『トレヴは3連覇をめざす〜凱旋門賞の連覇記録など』
第93回凱旋門賞馬トレヴの現役続行が電撃発表されたのが10月11日。校了を待つばかりだった週報の凱旋門賞関係の原稿チェックの手配に慌てたものの、結果的にはご存知の通り京都競馬の延期で週報の発売も本日水曜にまでずれ込んだ。慌てる必要はなかった。
当初引退して繁殖入りが発表されていたトレヴの現役続行はもちろん過去に例のない凱旋門賞3連覇を目指してのもの。1920年に始まった凱旋門賞の連覇は過去に5例ある。創設翌年の1921年と22年はクサールが連覇。2勝目のあとにもう1戦グラディアトゥール賞を走って2着となって引退。種牡馬として成功した。孫のジェベルは1942年の凱旋門賞馬で、その末裔にはシンボリルドルフがいる。1936-37年と連覇したコリーダはオーナーブリーダーであるマルセル・ブサック氏の牧場で繁殖生活に入ったが、時代が時代だけに平穏な生活は長くは続かず、1944年夏のファレーズの戦いの際に退却するドイツ軍に奪われて消息を絶ったという。ただし、競馬場に送り出した唯一の産駒コアラーズは種牡馬となり、今も活躍馬の血統表の奥深くでその名を目にすることがある。1950-51年と連覇したタンティエームは引退して種牡馬としても成功し、主に産駒で仏ダービー馬のレリアンスを通じて現代にも少なからぬ影響を及ぼしている。1955-56年と連覇したのは16戦16勝の名馬リボー。これには多くの説明を要すまい。その後20年以上のブランクを経て連覇を果たしたのはリボーの曾孫アレッジドで、その2勝目は夏場にウイルス感染に見舞われたことなどがあって平坦なものではなかった。じっくり立て直して連覇を成功させたヴィンセント・オブライエン師の手腕はトレヴのC.ヘッド=マアレク師に通じるものがある。
これら過去の凱旋門賞連覇の5頭で3連覇に挑んだものはいない。連覇でなくても1980年代までは凱旋門賞に勝てば種牡馬(または繁殖牝馬)としての需要が極めて高かったので、すぐに引退する。当たり前といえば当たり前ですよね。そのあたりに競馬の距離カテゴリーの重心の移動を見ることもできるが、これはたとえばフランケルのような怪物でさえ4歳まで、オルフェーヴルも5歳まで現役を続けたことでもわかるようにカテゴリーを問わず、競馬が30数年続いたバブリーな種牡馬選択ゲームから正常に戻ったのだと考えることもできる。

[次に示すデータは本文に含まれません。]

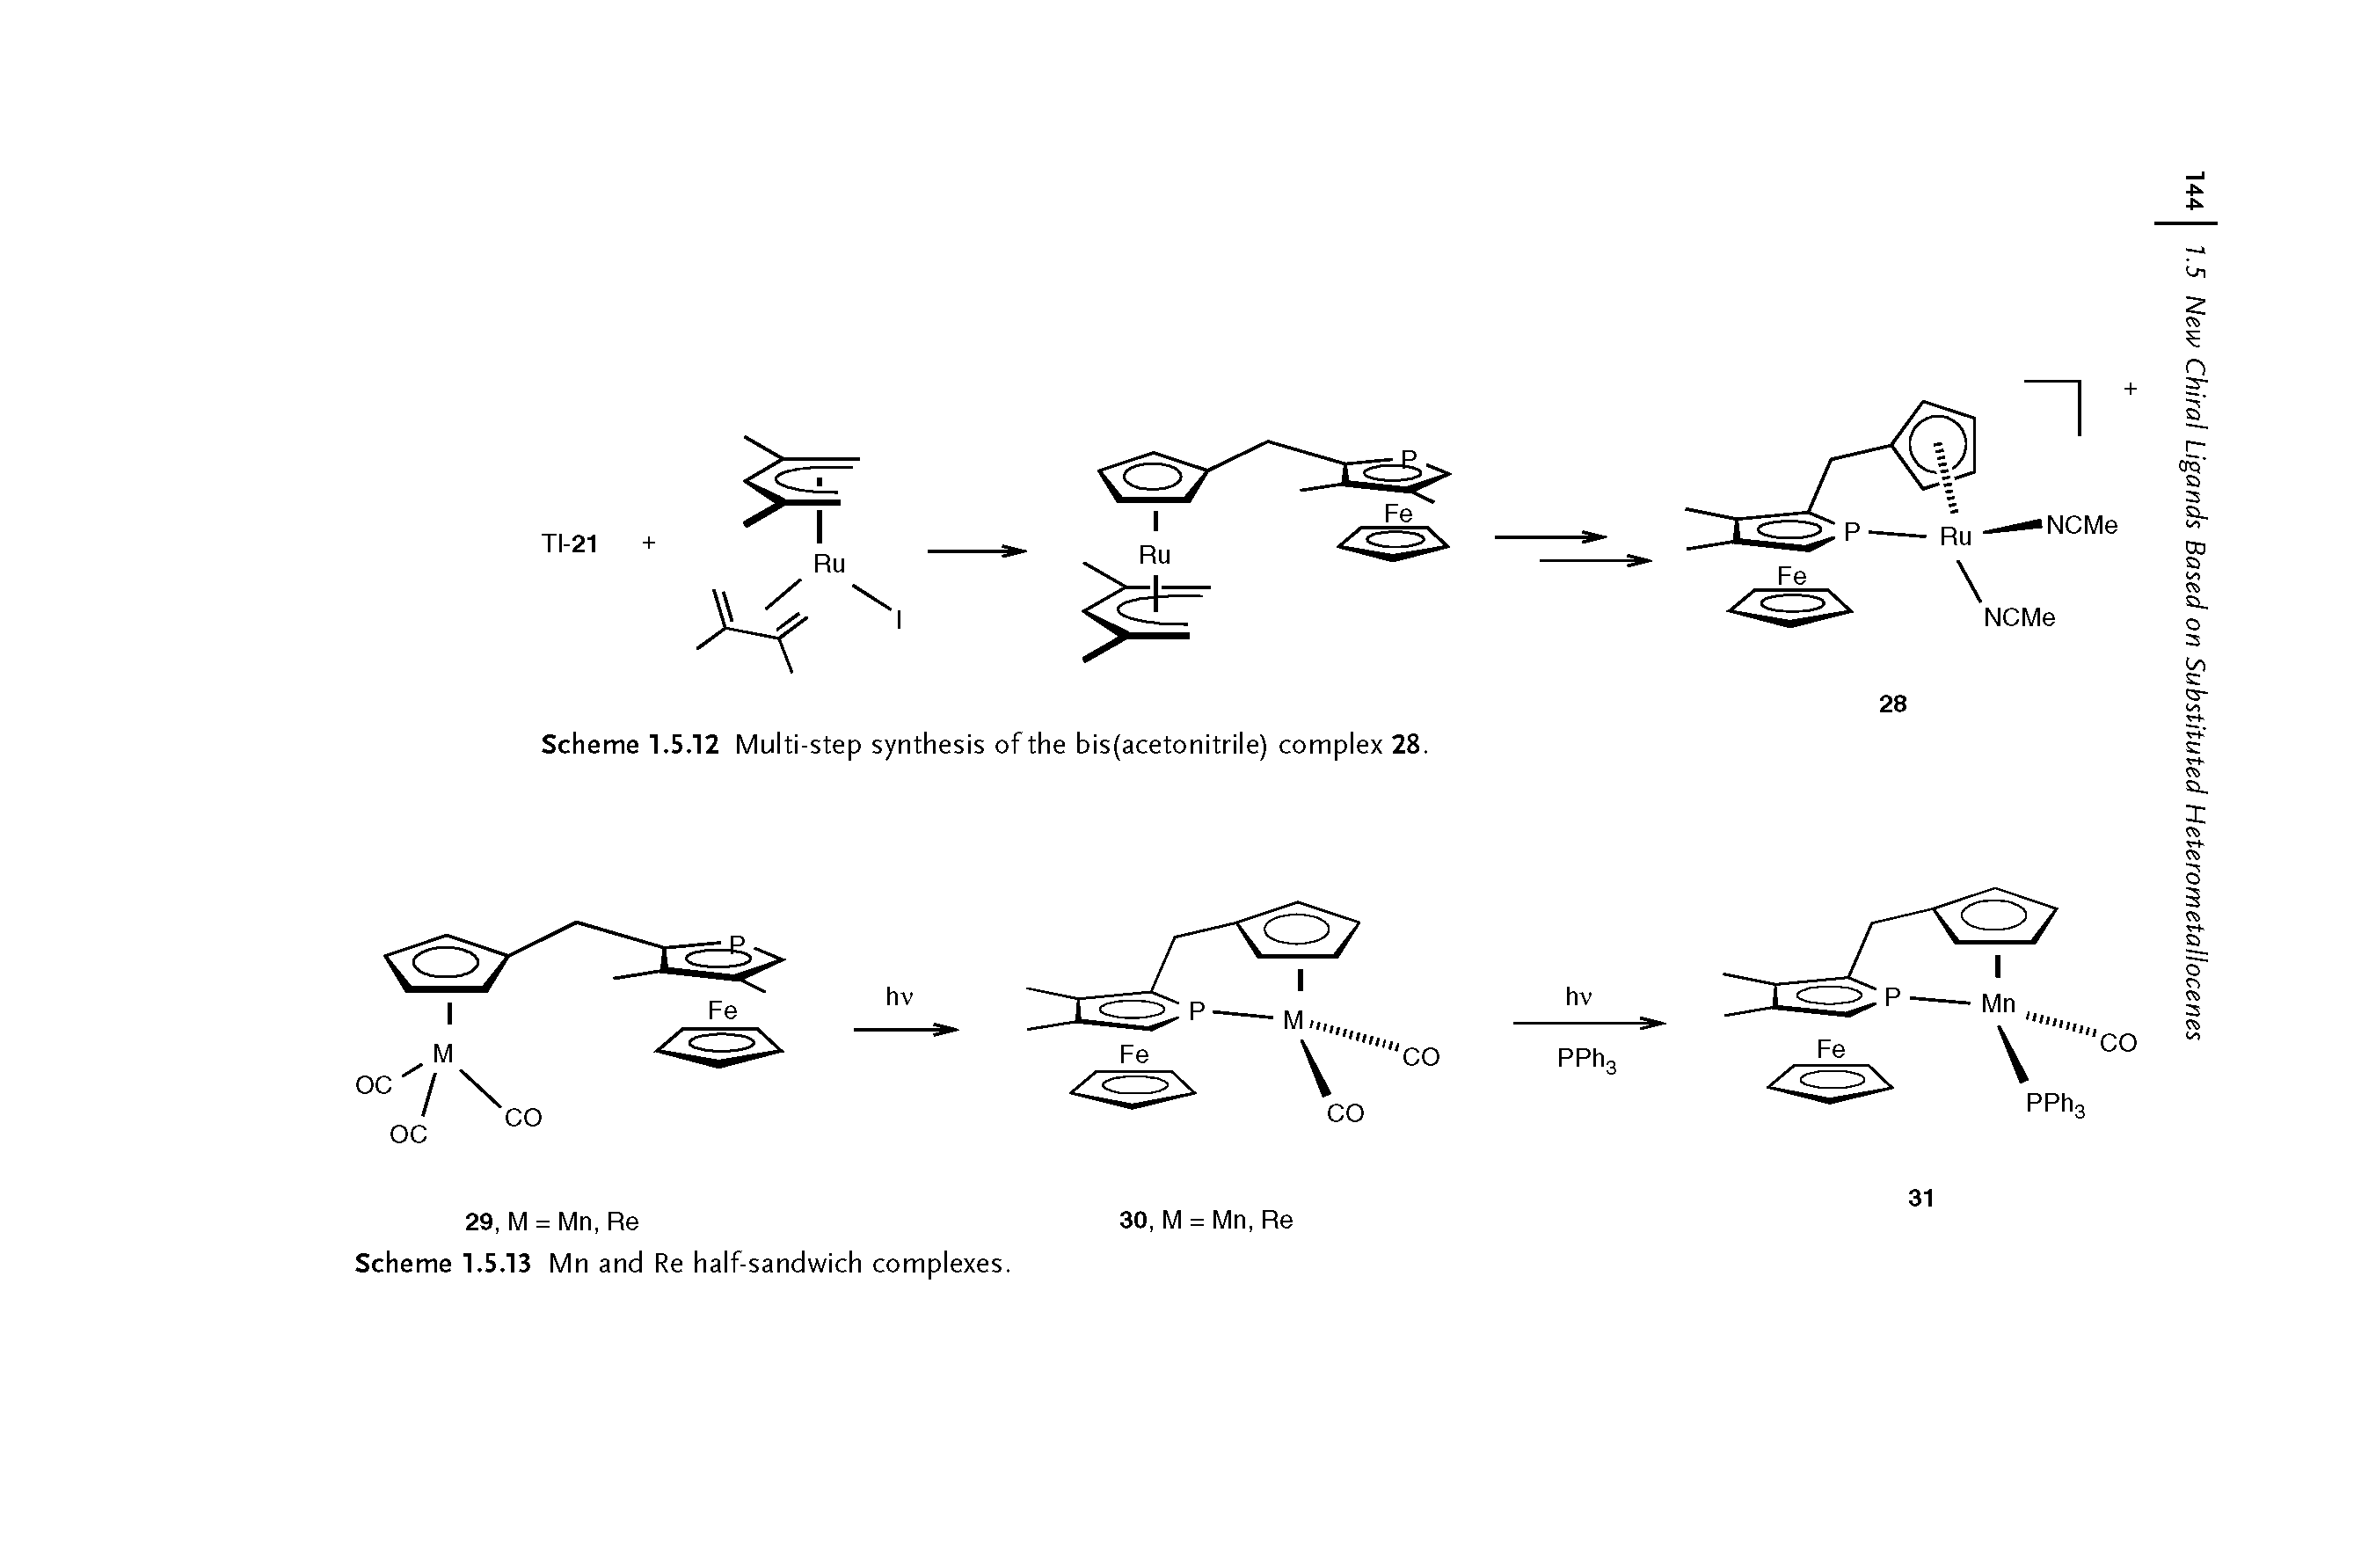 Scheme 1,5.12 Multi-step synthesis of the bis(acetonitrile) complex 28.

平地競馬のG1レベルで「連覇」というと米国のケルソのジョッキークラブゴールドカップの5連覇(1960〜1964)、オーストラリアの名スプリンター・マニカトのウィリアムリードS5連覇(1979〜1983)が近代競馬のほぼ限界といえるが、凱旋門賞レベルの3連覇が達成されれば、価値としてはそれらに勝るとも劣らぬものになるのは確実だ。その一方で、ひと足先にジェンティルドンナがジャパンカップを3連覇する可能性もある。これも達成されれば空前の記録。
そういった華やかなものとは別に近年の凱旋門賞におけるユニークな記録といえば、ユームザインの3年連続2着(2007〜2009)がある。勝ち馬は順にディラントーマス、ザルカヴァ、シーザスターズだから、生まれたときが悪かったとしかいいようがないが、どんな相手でも2着なのだから、いつ生まれていても2着だったかもしれない。もう1頭、挙げておきたいのは連覇ではないが1930年と32年の2度勝ったモトリコ。障害でも勝ち鞍を挙げたあと凱旋門賞を制したのが5歳時。いったん引退して種牡馬となり、1931年と32年の春を種牡馬として過ごし、32年春にカムバックすると2年前同様得意の道悪になったことも幸いして凱旋門賞2勝馬となった。7歳での勝利は今も破られていない凱旋門賞最高齢優勝記録だ。翌年からは再び種牡馬となるが、引退に際しては多くのファンが別れを惜しんだという。確かにサラブレッドができることのほとんどすべてをやった達成感に満ちた生涯だったように見える。種牡馬としては障害用として成功したが、娘の仔ヴルガンはそれを上回る成功を示し、チームスピリット、フォワナヴォン、ゲイトリップと3頭のグランドナショナル勝ち馬を送り出した。1990年代を代表する悲劇の名障害馬ワンマンから今季英愛レーティング首位のボストンボブまで、現代の障害競走の活躍馬の血統表にもその名を見つけることができる。
トレヴからはずいぶん離れた話になったが、それだけ凱旋門賞が欧州競馬の奥深くにまで根を張っているということではあるだろう。